じゃあ、問題は、なぜ先進グローバル企業は、そういったアジア新興国市場への進出が早期に決断できたのに、日本企業ができないのかということなんですが、これは私も知ったときに非常にびっくりしたんですが、日本企業というののアジア新興国進出って、だいたい本社にそんなに戦略がないんですよね。戦略がないまま駐在員をドーンと送り出して、「気合と根性で頑張れ」ということで送り出すと。送り出す側も、戦略がないくせに、「失敗するな。成功してこい」と。そして、送り出される側も、日本人は真面目ですから、「よし。成功しないと。自分は期待されているんだ」ということで行くわけですよね。そこで必死にもがくわけなんですが、今まで、国内の事業をやっていた人間が、いきなり海外に、海外の別の国をやっていた人間が行くケースもあるかもしれないですけど、いきなり海外に行って、未開の地に行って、しかも、先進国ではなくて新興国に行って、成功するわけがないんですよね。欧米の先進的なグローバル企業との一番の大きな差は、この失敗をする、成功をするという、この成功しに行く日本企業と、先進的なグローバル企業は失敗をしにいってるんですよね。彼らは成功しに行っていない。成功するつもりなんてさらさらなくて。とにかく誰よりも早く進出をして、誰よりも早く失敗をして、誰よりも早く学ぶということに価値があって、それを繰り返しやらないと成功は待っていないということを彼らはロジカルに理解をしている。だから早い決断ができる。これを知ったときに、私はもう、「うわ、すごいな」と。欧米の先進的なグローバル企業は感情論で仕事をしていなくて、未開の地に初めて行くので、成功する確率なんて低いのが当たり前なわけですよね。そうすると、いかに事前の調査を綿密にやって確度の高い仮説をつくって、その仮説を進出して検証をして、そして失敗をして、仮説をまたずらして学んでということをずっと繰り返しやっていく、これこそが本当の意味での成功を勝ち取る正しい手段であって。ただ、「どうしよう」と、早期に出たら失敗するので、まずは誰かが出るのを見て、そして、「おお、彼らは失敗したぞ」と、「やっぱ出なくていいな」と。誰かが成功したら、それを見て「自分も」と行って自分は失敗してしまう。こういうやり方ではなかなか日本は難しく、今後のアジア新興国だけじゃなくて、メコン経済圏、それから、インド、さらにはアフリカの市場が待っているわけですけども、そういった市場では、ぜひアジア新興国で過ちをおかしてしまった、早期進出ができなかった、先駆者メリットを得られなかったと、後発になってしまったということをクリアして、今一度しっかりと自分たちのこの早期進出ということを考えていただきたい。進出、早期に進出するというのは、成功するために進出するのではなくて、失敗をするために進出するということが非常に重要で、その失敗を重ねて重ねて、最後に成功があるんだと。

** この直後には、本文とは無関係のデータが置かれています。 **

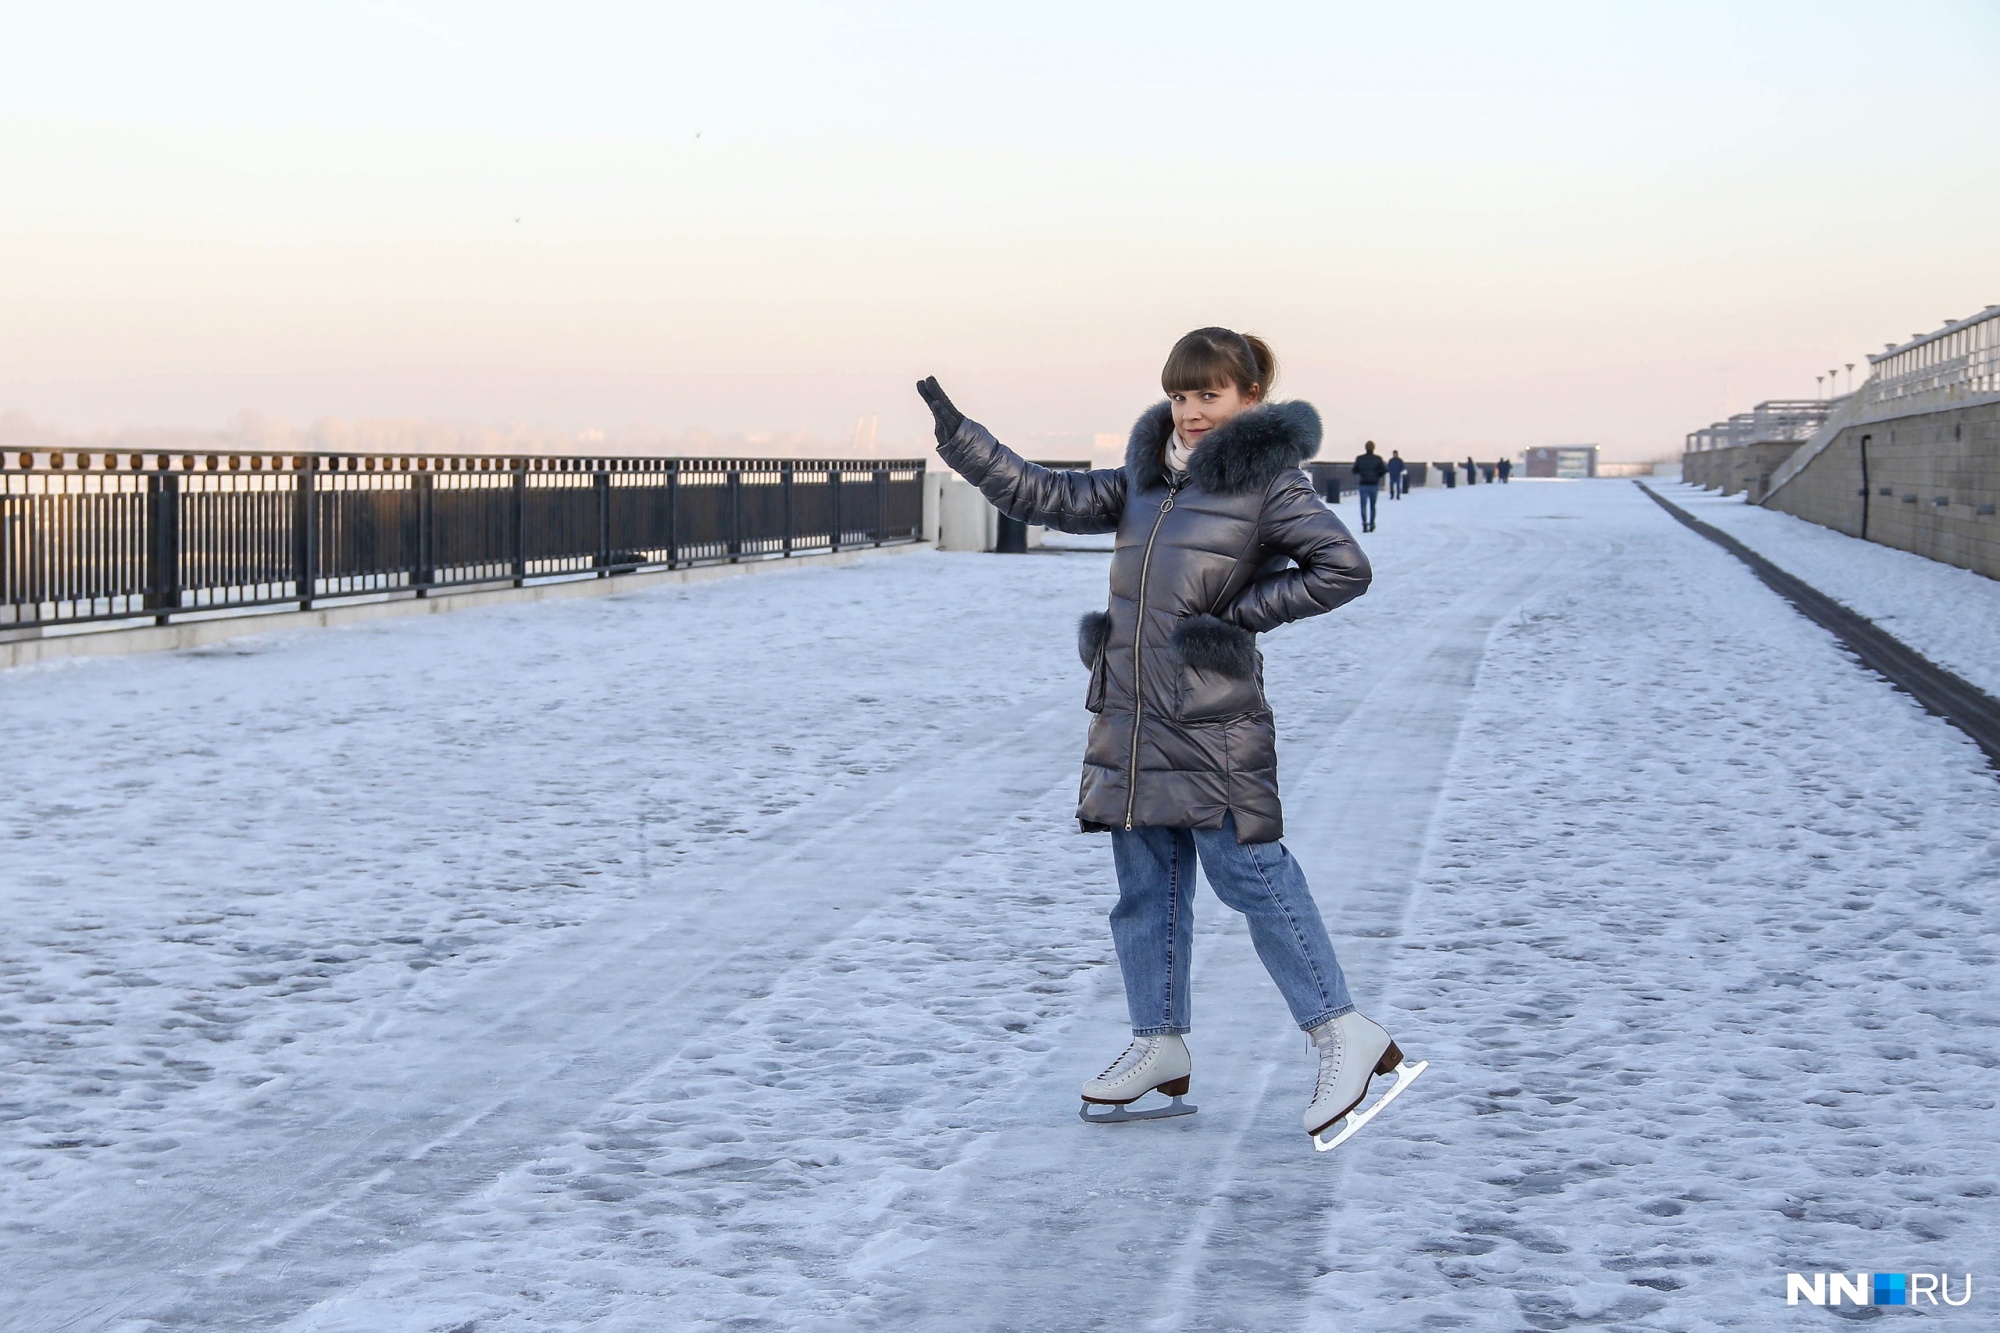 Нижне-Волжская набережная настолько скользкая, что по ней можно ездить на коньках. Тестируем лед
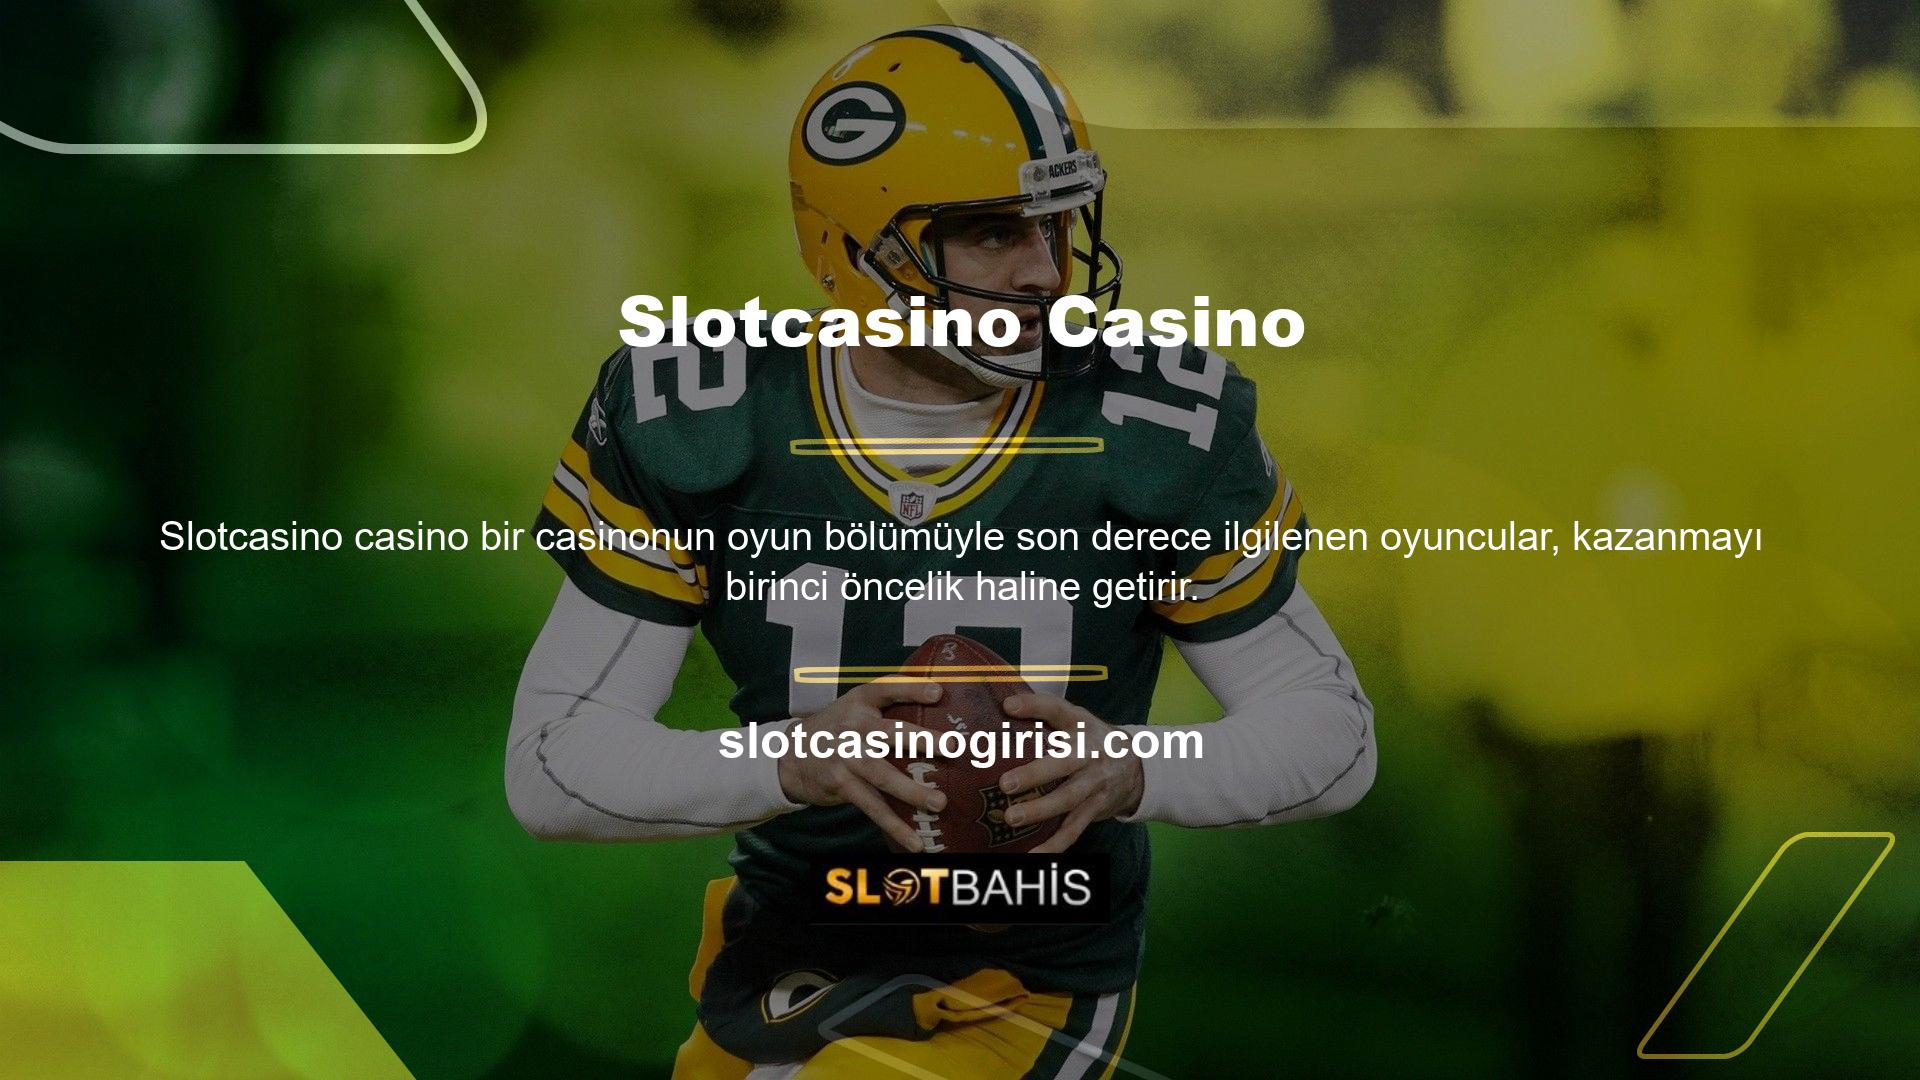 Slotcasino slot ve casino oyunlarının oyuncularını cezbetmektedir

ただ、失敗すると分かっていて、ドーンと失敗して、うわーっと帰ってきても何も学びがないので、いかに事前の調査をしっかりやって確度の高い仮説を持ったうえで早期に進出をして、その仮説があれば過ちを修正修正して間違った部分をノウハウとして吸収できますので、確度の高い仮説を持って早期に進出をするということが大切だというふうに思います。

それでは、今日は長くなりましたが、皆さんまた次回お会いいたしましょう。